- [Problem statement] Transcribe the data exactly, pictures excluded.

- [Input data]
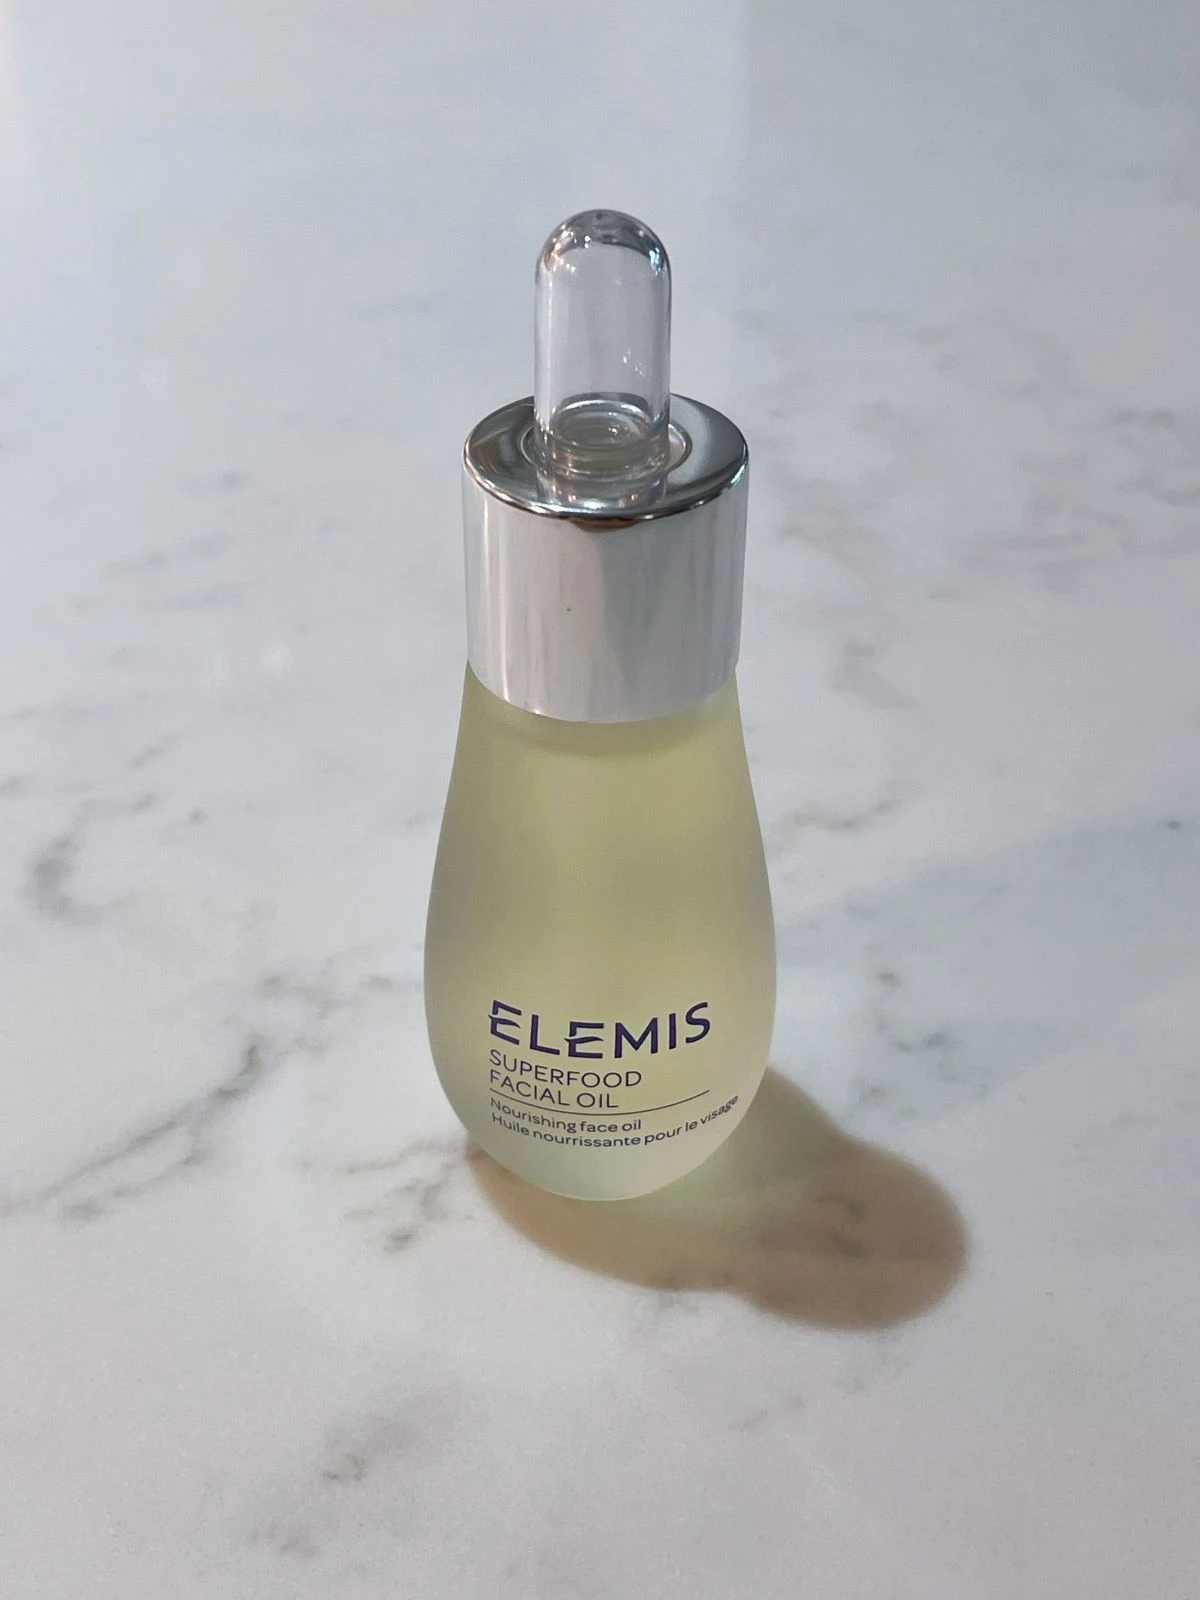 Elemis Superfood Facial Oil 15ml - luxury skincare blog review
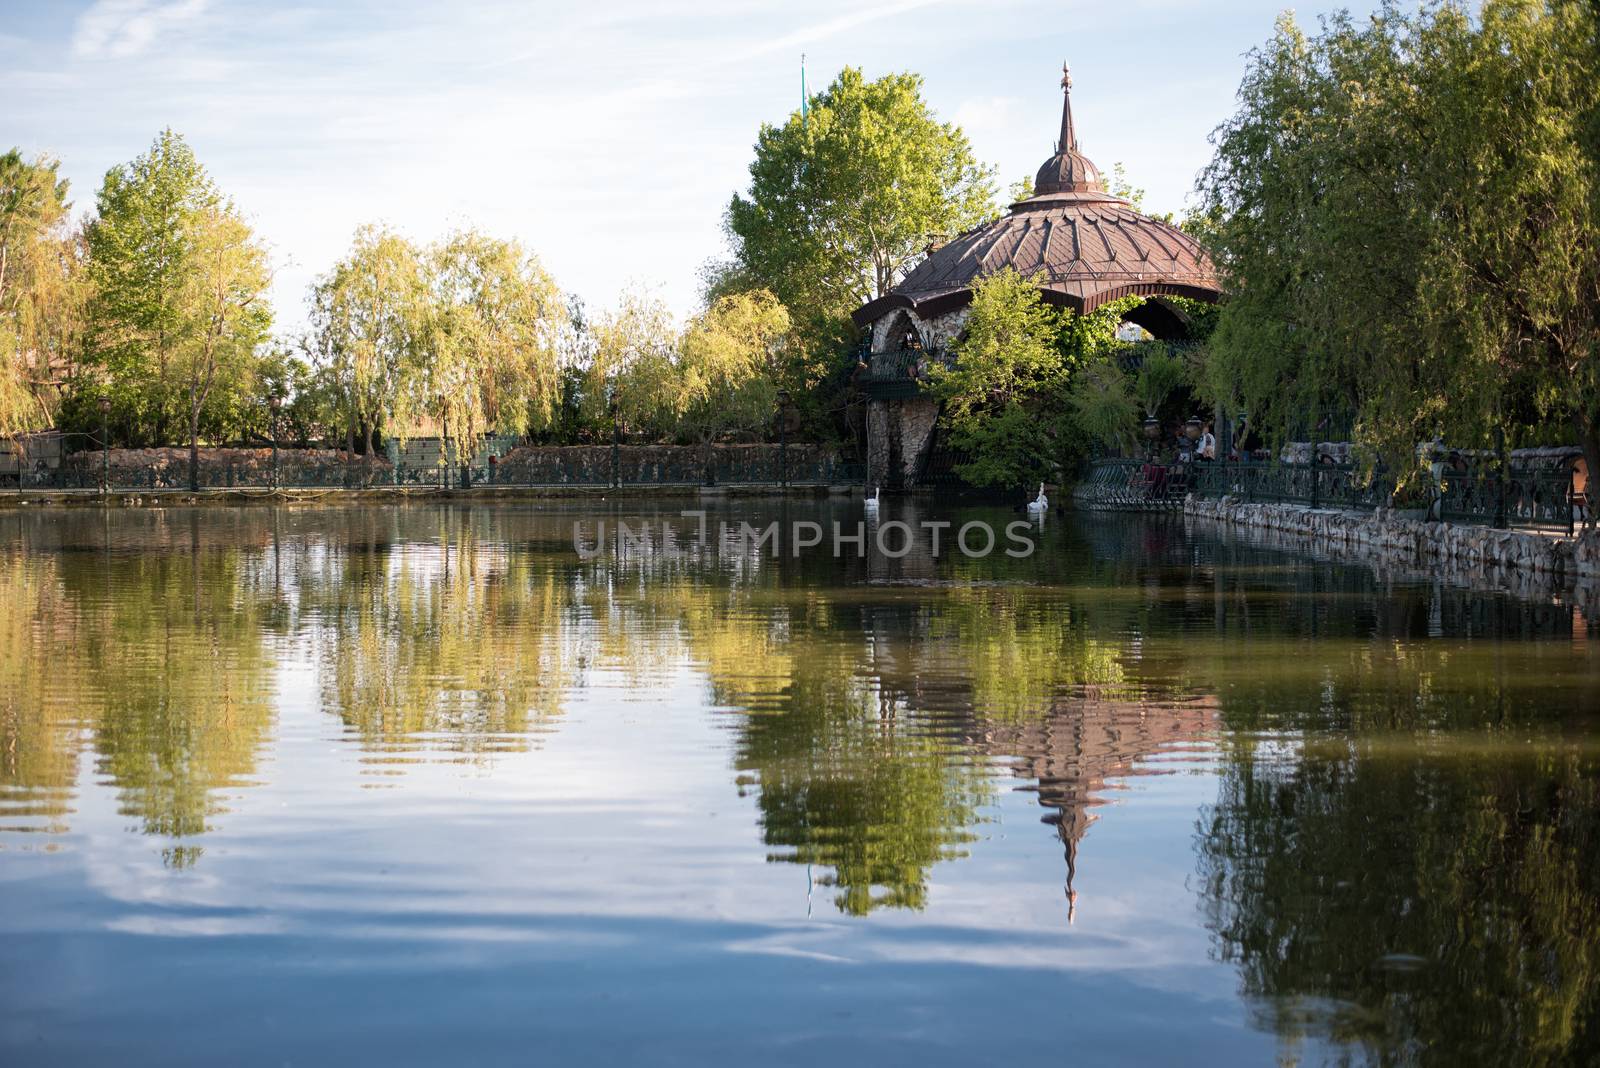 Beautiful lake with white swans, wrought iron fence and a green garden flowers and trees around. Outside, a park with birds and animals. Water, enchanting lake. Fairy lake and footbridges surrounded with trees.
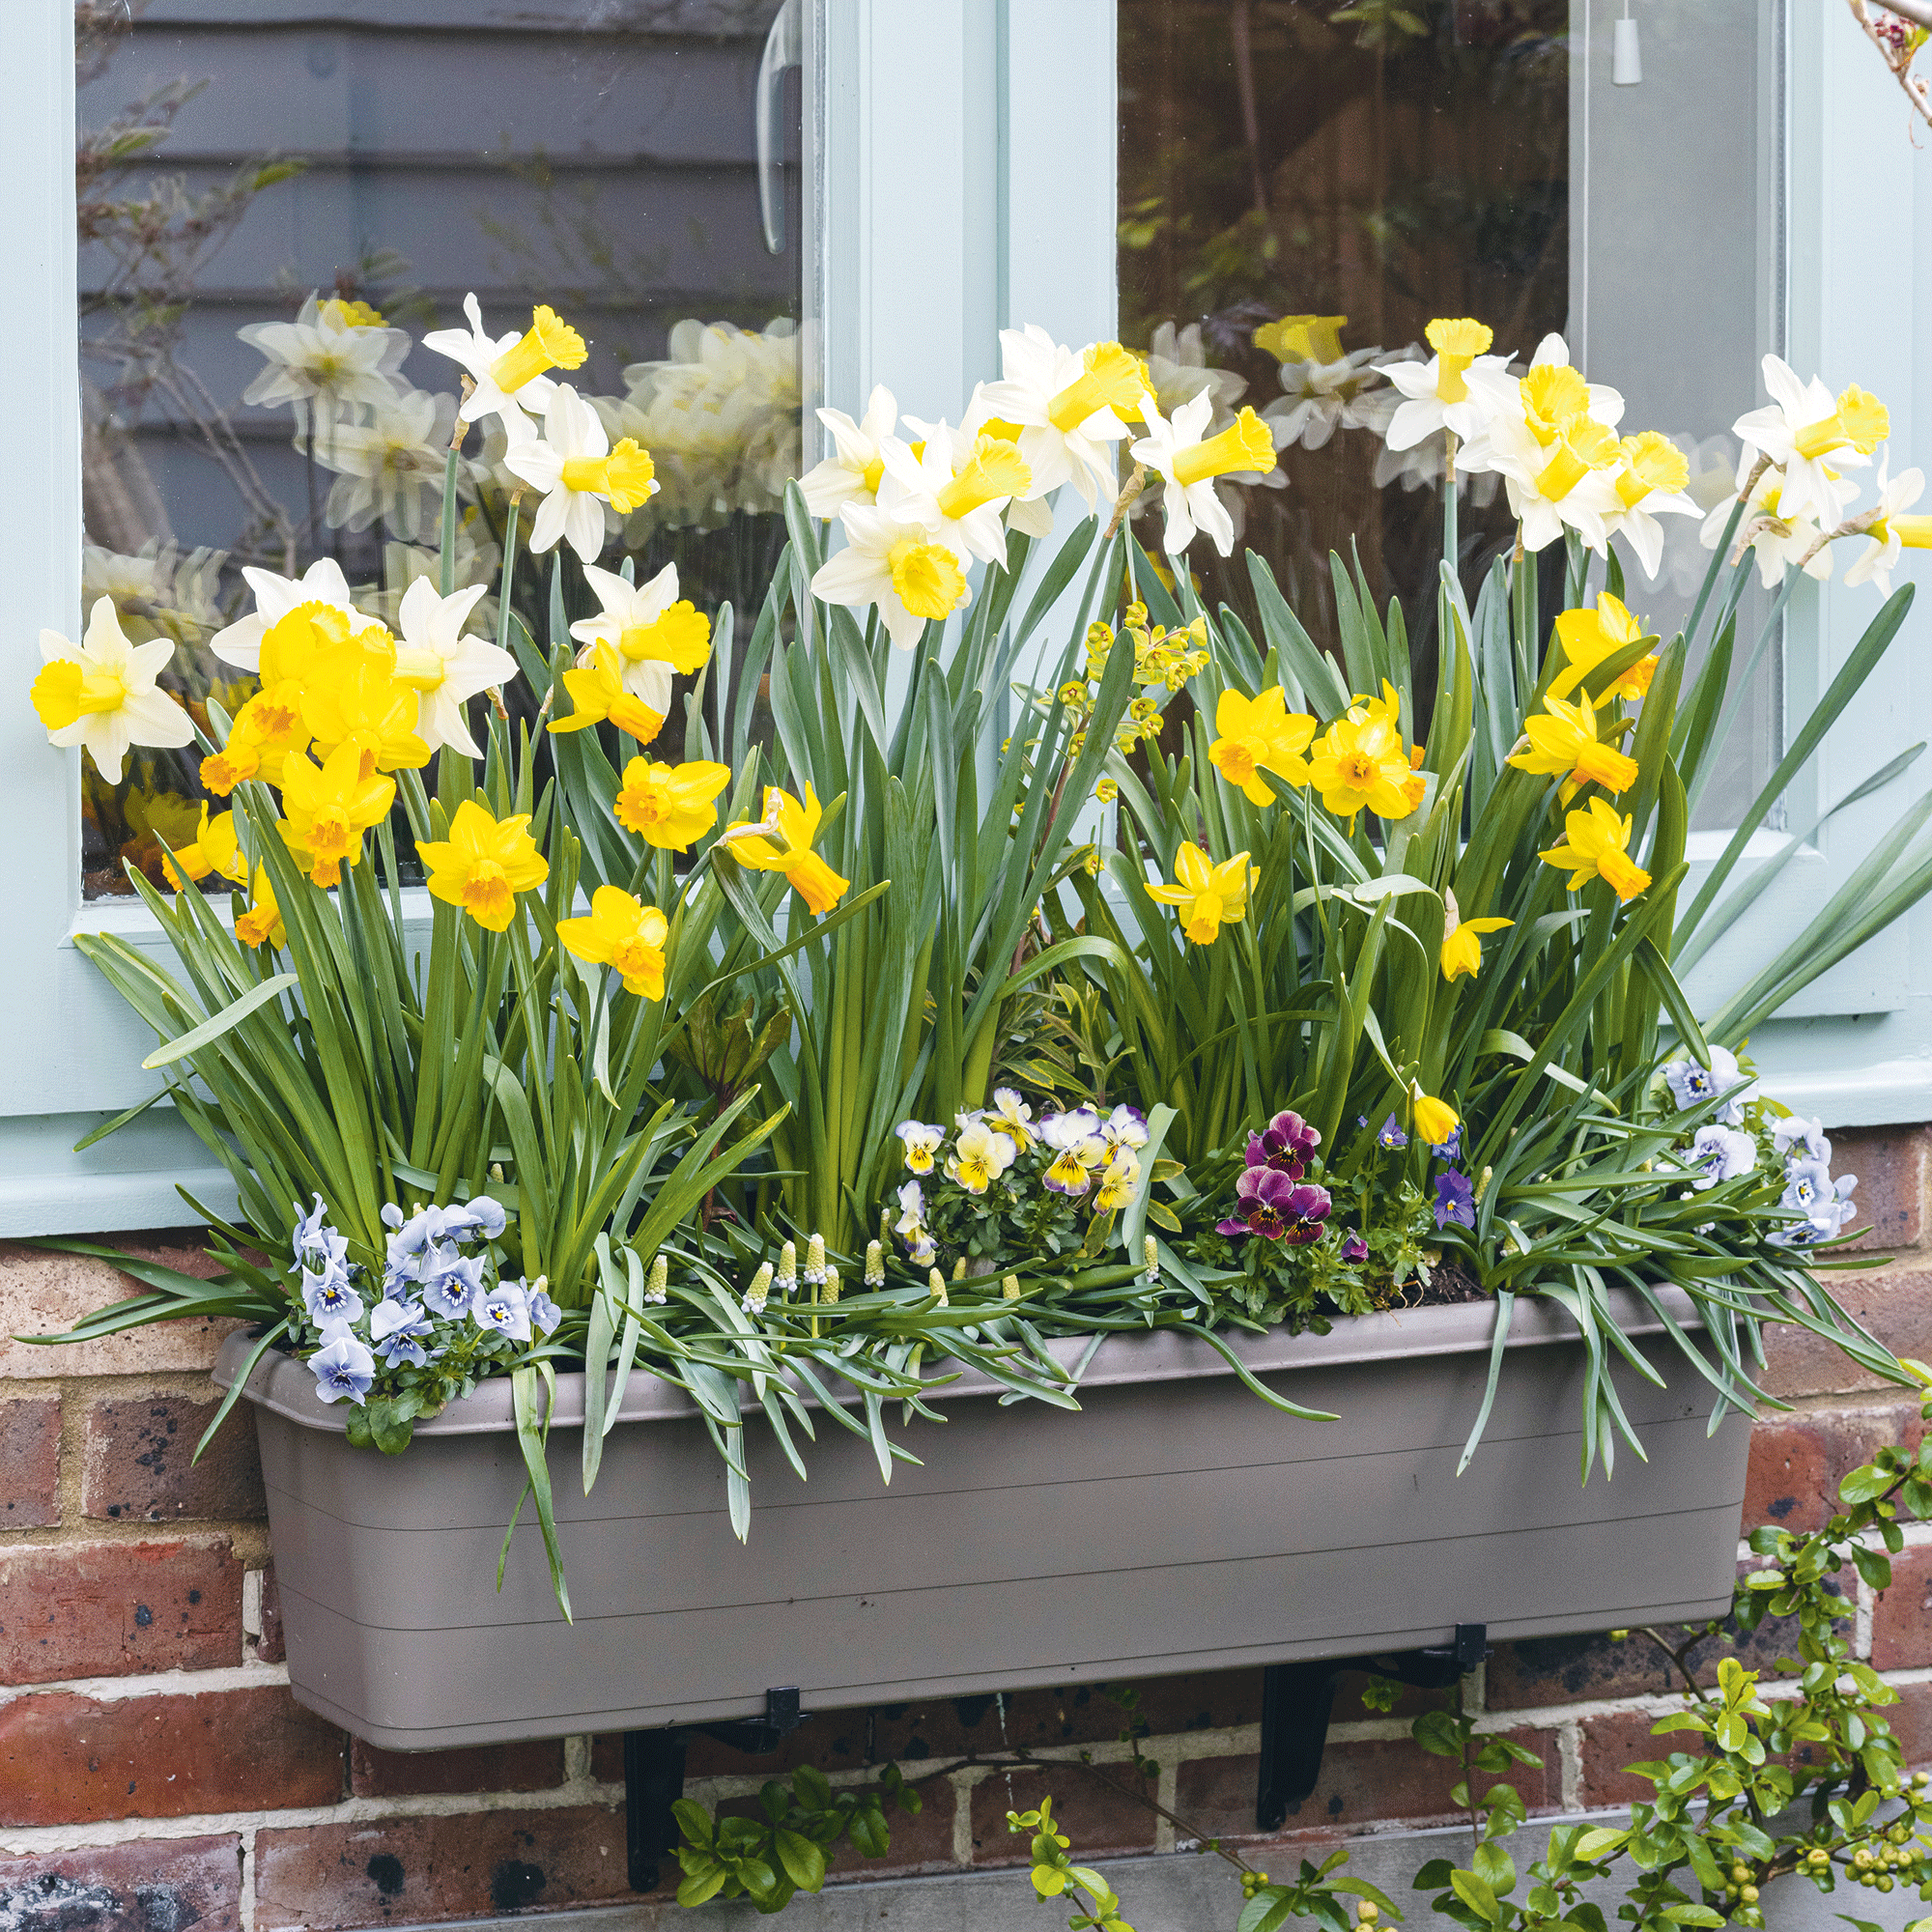 Experts warn against these 10 easily avoided window box mistakes

- [Output of the task]
 Elemis Superfood Facial Oil 15ml - luxury skincare blog review
 Beautiful lake with white swans, wrought iron fence and a green garden flowers and trees around. Outside, a park with birds and animals. Water, enchanting lake. Fairy lake and footbridges surrounded with trees.
 Experts warn against these 10 easily avoided window box mistakes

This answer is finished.